Changes in particle size distribution and in the degree of graphitization of coke samples from various locations across the tuyere entrance of a blast furnace were examined. X-ray diffraction and a fixed bed reactor were used to measure carbon structure and reaction rate of the coke. The feed coke size was observed to decrease by more than 50% in the descent to the tuyere in the majority of the tuyere-level locations. About 60 wt.% of the core matter from the “bosh” and “raceway” locations consisted of less than half-size feed coke particles. The percentage of −3 mm and −0.45 mm size fractions observed in the recovered drill core material were less than 10 wt.% and 3 wt.% respectively particularly around the raceway locations. The graphitization degree of half-size coke particles is shown to be a suitable indicator of the temperature profile of tuyere-level regions of a blast furnace. The degree of graphitization of tuyere-level coke samples showed an inverse relationship with amount of potassium adsorbed as well as with the apparent reaction rate. The carbon structure as well as anisotropic texture of coke fines indicated higher ordering of carbon compared to the half-size cokes from the similar locations. The −0.45 mm size fraction of fines displayed a large proportion of graphite crystals. The study has confirmed the contribution of surface graphitization of cokes on the fines generation particularly in the “raceway” and “birds nest” regions. The study has implications for using the bench-scale assessment of coke performance and modeling of coke behavior to provide an understanding as to what is likely to occur in an industrial blast furnace.

Introduction

Coke is one of the most critical and probably the most expensive raw material used for steelmaking via the blast furnace route. Therefore, efficient utilization of coke must be considered as a major priority of iron producers. Consequently, coke replacement by supplementary fuel injection by means of pulverized coal specifically, but also oil, natural gas and some waste synthetic polymer materials, has become a major driver of cost reduction and up to 50% replacement has been successfully achieved. Coke plays multiple roles in a blast furnace by providing reducing gases, carburization source, permeable medium and also burden support. At high injection rates, the coke quality becomes more pertinent as less coke is available to fulfill these roles.

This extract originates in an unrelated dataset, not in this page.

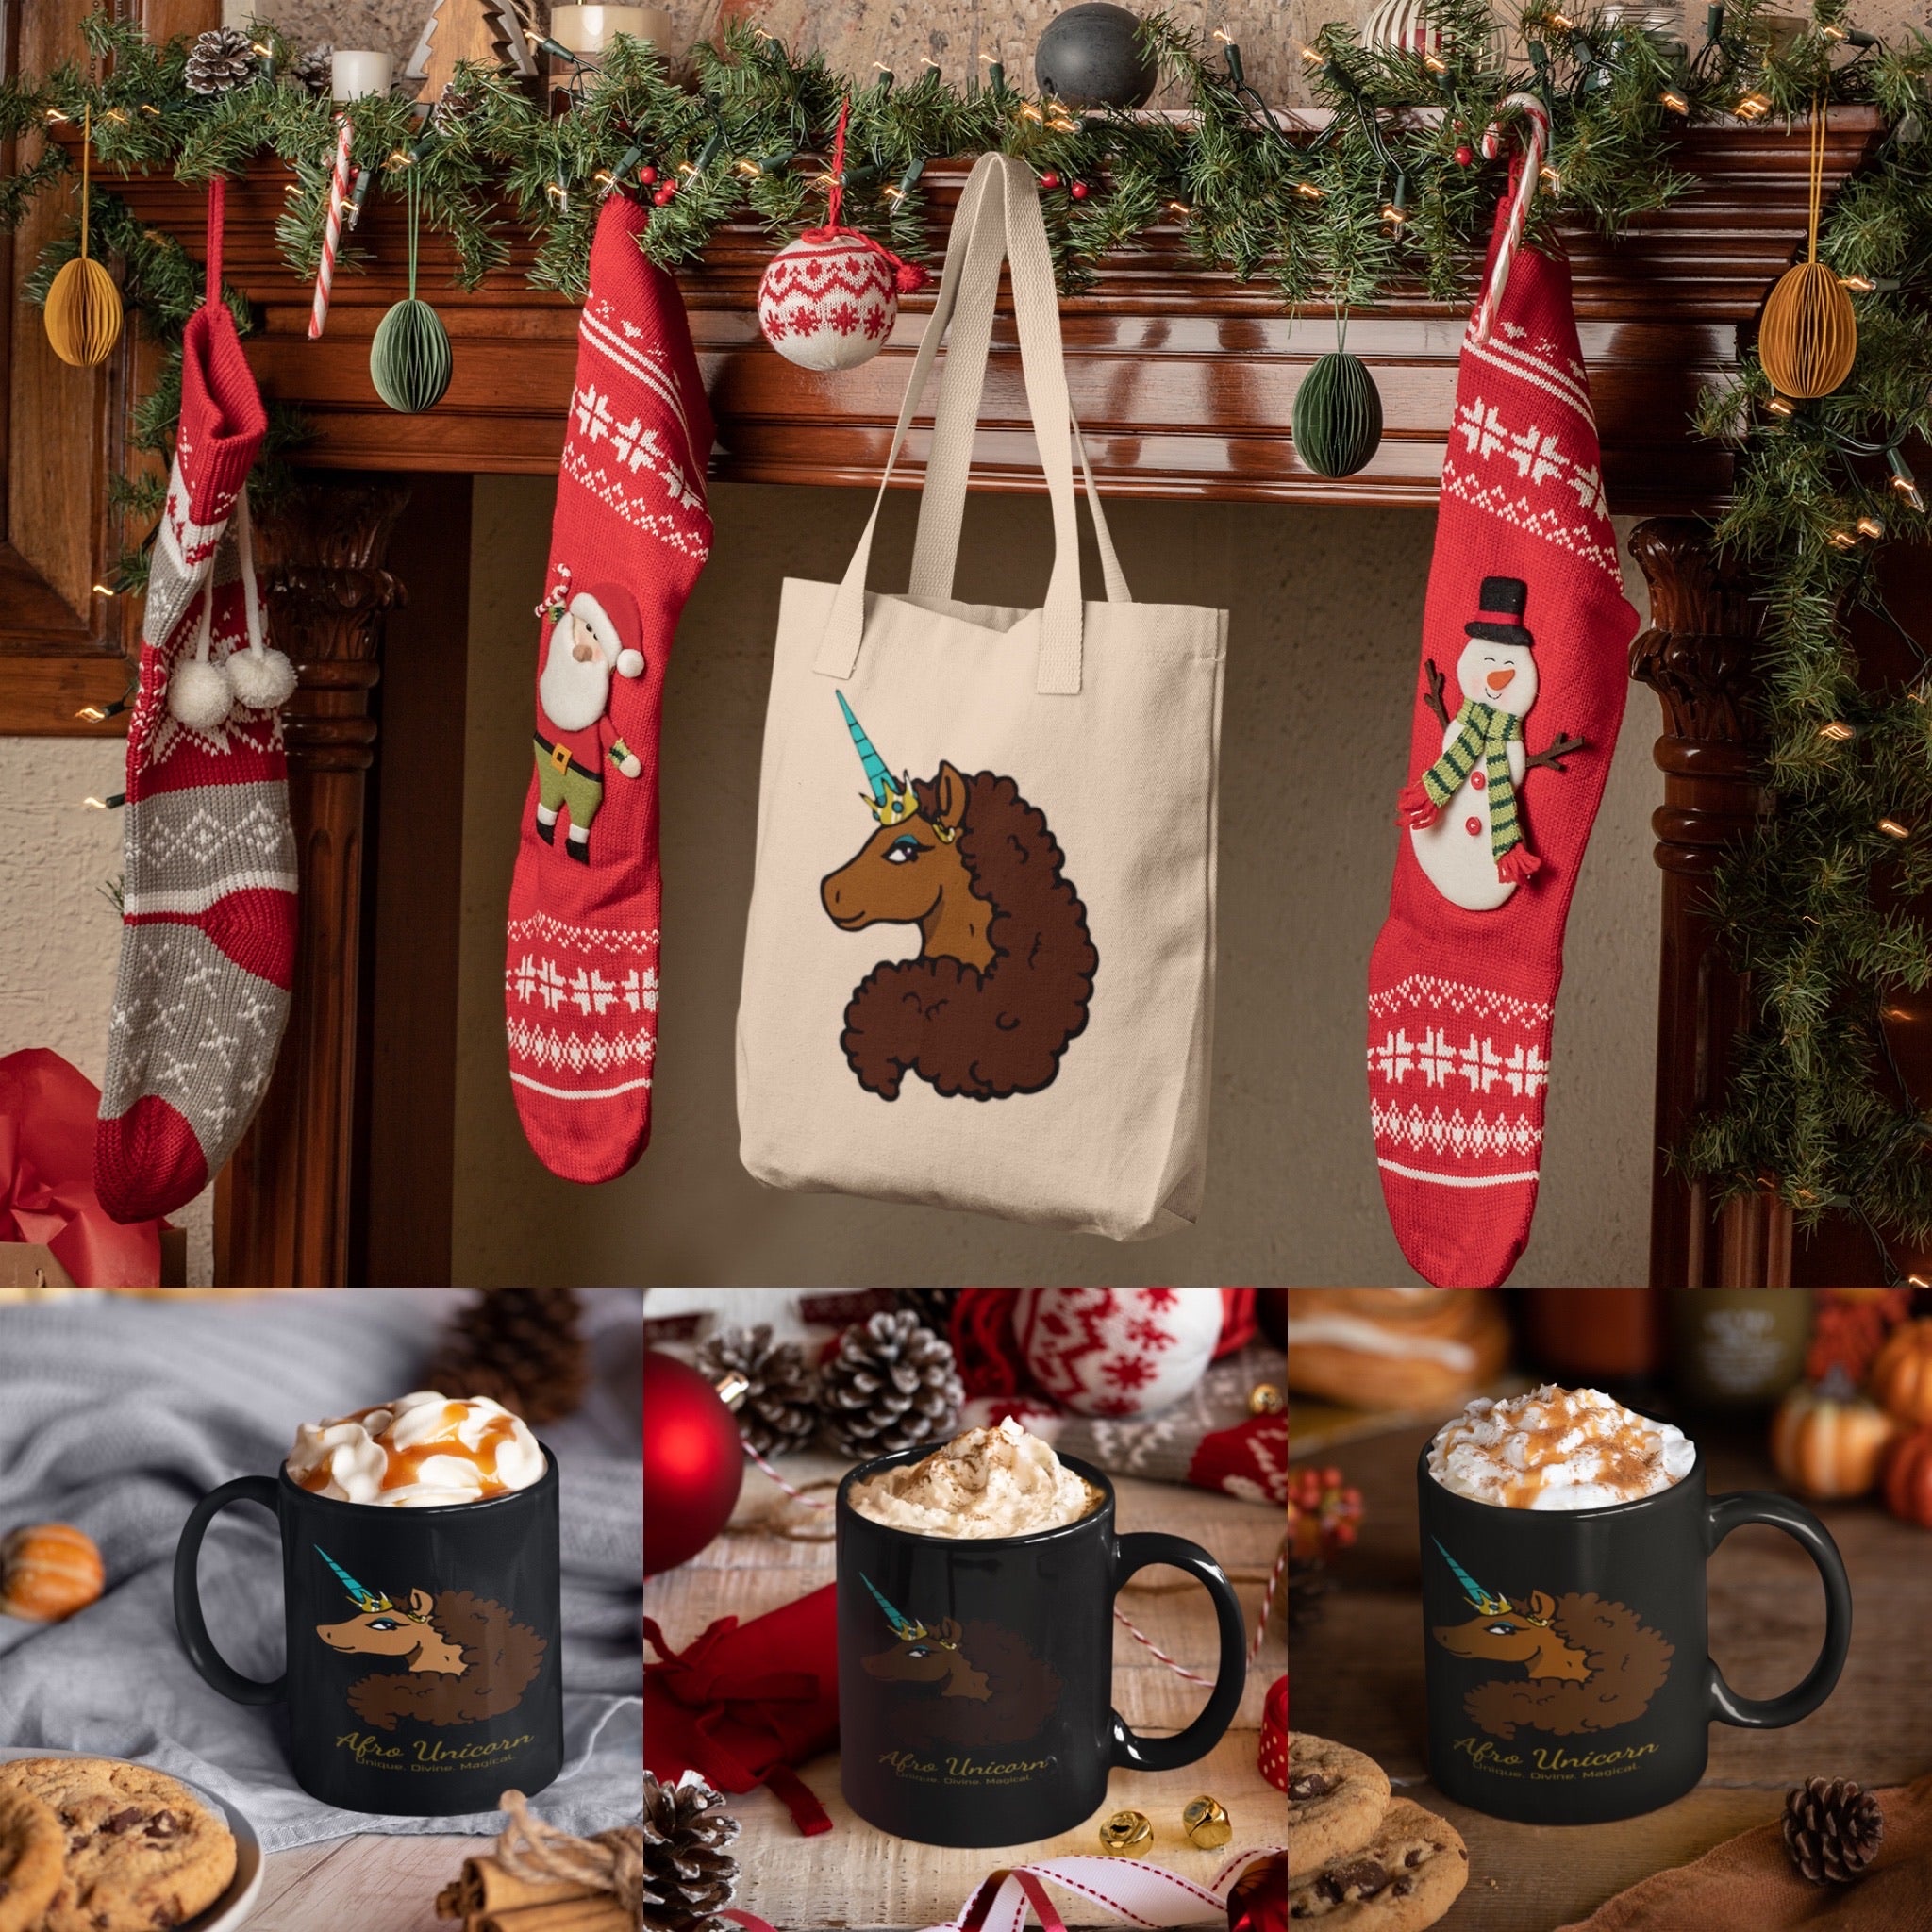 Holiday Items & Gift Ideas

Ideally, coke is desired to gasify without any degradation during the descent from top to bottom in a working blast furnace. However, coke size decreases during the descent in a blast furnace and generates some fine material and the extent to which this occurs is related to its inherent strength. A high reactivity as measured for coke in the commonly employed Nippon Steel reactivity test, is frequently attributed to a high degree of degradation in a blast furnace [1], [2]. In this widely used bench-scale test, about 200 g of 19 mm −20 mm sized coke particles are reacted with 100% CO₂ at 1100 °C for 2 h. The weight loss of coke after completion of the test provides the so-called Coke Reaction Index (CRI), and the percentage of coke particles retained on +10 mm sieve after tumbling for 600 revolutions in a standard drum configuration provides the measure of strength known as the Coke Strength after Reaction (CSR) value of coke. The CSR test conditions are considered by many as harsher than the actual blast furnace reaction environment [3], [4].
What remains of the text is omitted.